Alternatively, we can create spatiotemporal predictions for a set of time-stamped raster maps, evenly spaced over the year 2017, created by

```
t4 = t[(1:4 - 0.5) * (3*24*30)]
d = dim(grd)
st_as_stars(pts = array(1, c(d[1], d[2], time = length(t4)))) %>%
st_set_dimensions("time", t4) %>%
st_set_dimensions("x", st_get_dimension_values(grd, "x")) %>%
st_set_dimensions("y", st_get_dimension_values(grd, "y")) %>%
st_set_crs(crs) -> grd.st
```

and the subsequent predictions are obtained by

```
new_int <- krigeST(NO2~1, data = no2.st["NO2"], newdata = grd.st,
nmax = 200, stAni = StAni, modelList = fitProdSumModel,
progress = FALSE)
names(new_int)[2] = "NO2"
```

```
g + geom_stars(data = new_int, aes(fill = NO2, x = x, y = y)) +
facet_wrap(~as.Date(time)) +
geom_sf(data = st_cast(de, "MULTILINESTRING")) +
geom_sf(data = no2.sf, col = 'grey', cex = .5) +
coord_sf(lims_method = "geometry_bbox")
```

`# Coordinate system already present. Adding new coordinate system, which will replace the existing one.`

and shown in figure 13.5.

A larger value for `nmax`

was needed here to decrease the visible
disturbance (sharp edges) caused by discrete neighbourhood
selections, which are now done in space *and* time.

## 13.4 Exercises

- Which fraction of the stations is removed in section 13.1 when the criterion applied that a station must be 75% complete?
- From the hourly time series in
`no2.st`

, compute daily mean concentrations using`aggregate`

, and compute the spatiotemporal variogram of this. How does it compare to the variogram of hourly values? - Carry out a spatiotemporal interpolation for daily mean values for the days corresponding to those shown in 13.5, and compare the results.
- Following the example in the demo scripts pointed at in section 13.2, carry out a cokriging on the daily mean station data for the four days shown in 13.5. What are the differences of this approach to spatiotemporal kriging?

### References

Bivand, Roger S., Edzer Pebesma, and Virgilio Gomez-Rubio. 2013. *Applied Spatial Data Analysis with R, Second Edition*. Springer, NY. http://www.asdar-book.org/.

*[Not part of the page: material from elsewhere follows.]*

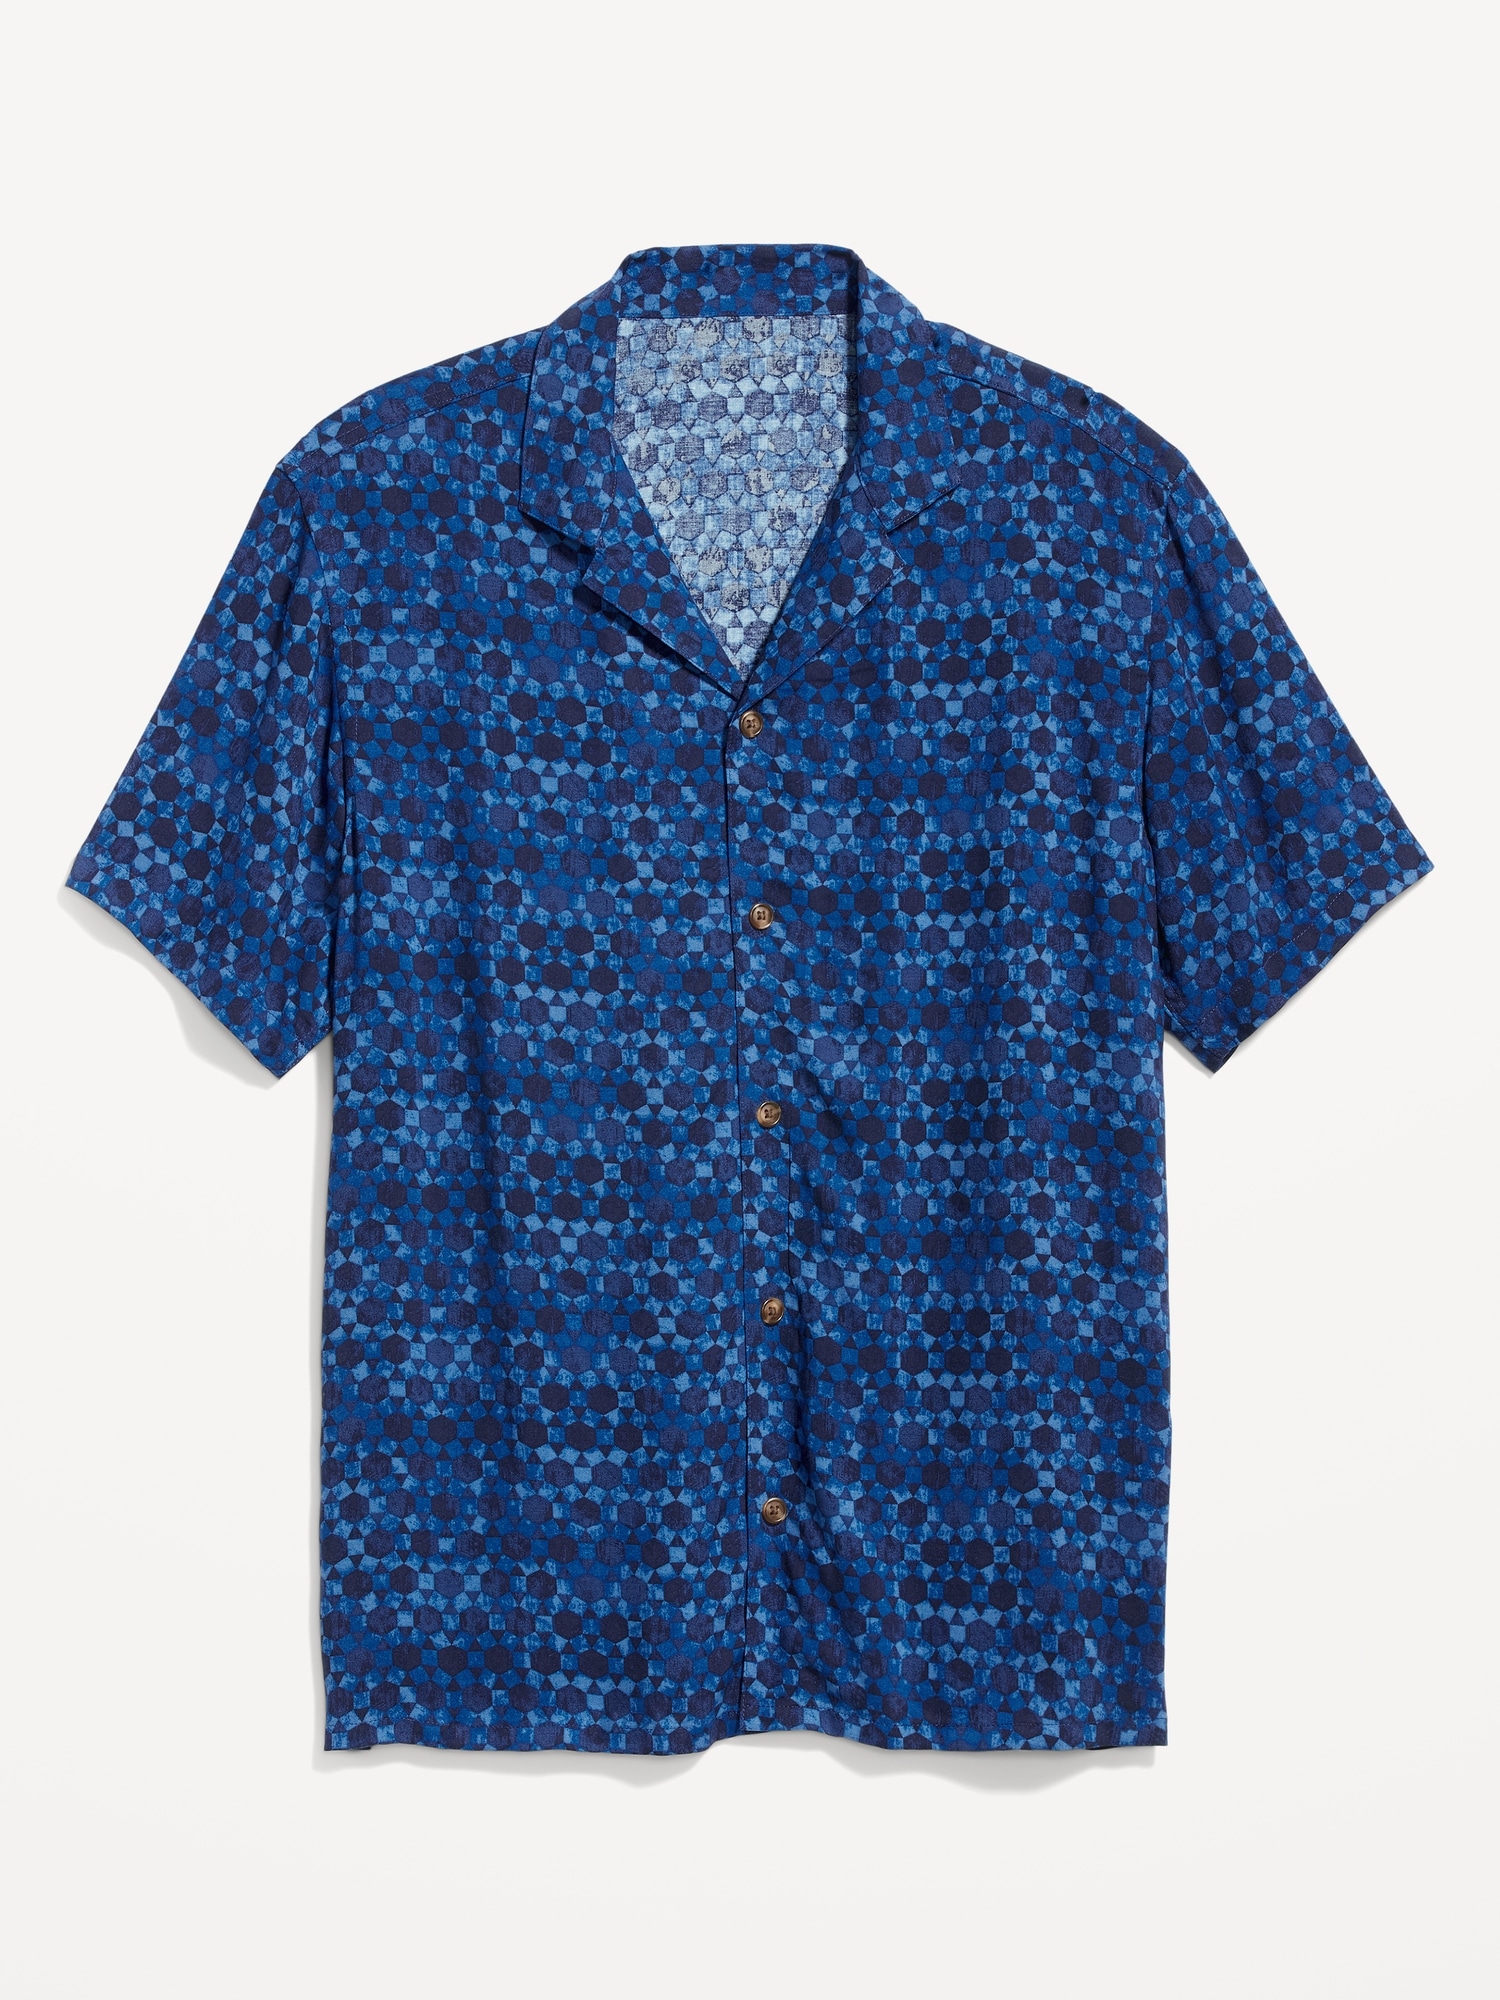 Old Navy Matching Print Camp Shirt for Men blue. 1

Blangiardo, Marta, and Michela Cameletti. 2015. *Spatial and Spatio-Temporal Bayesian Models with R-Inla*. John Wiley & Sons.

Gräler, Benedikt, Edzer Pebesma, and Gerard Heuvelink. 2016. “Spatio-Temporal Interpolation using gstat.” *The R Journal* 8 (1): 204–18. https://doi.org/10.32614/RJ-2016-014.

Ver Hoef, Jay M, and Noel Cressie. 1993. “Multivariable Spatial Prediction.” *Mathematical Geology* 25 (2): 219–40.

Wikle, Christopher K, Andrew Zammit-Mangion, and Noel Cressie. 2019. *Spatio-Temporal Statistics with R*. CRC Press.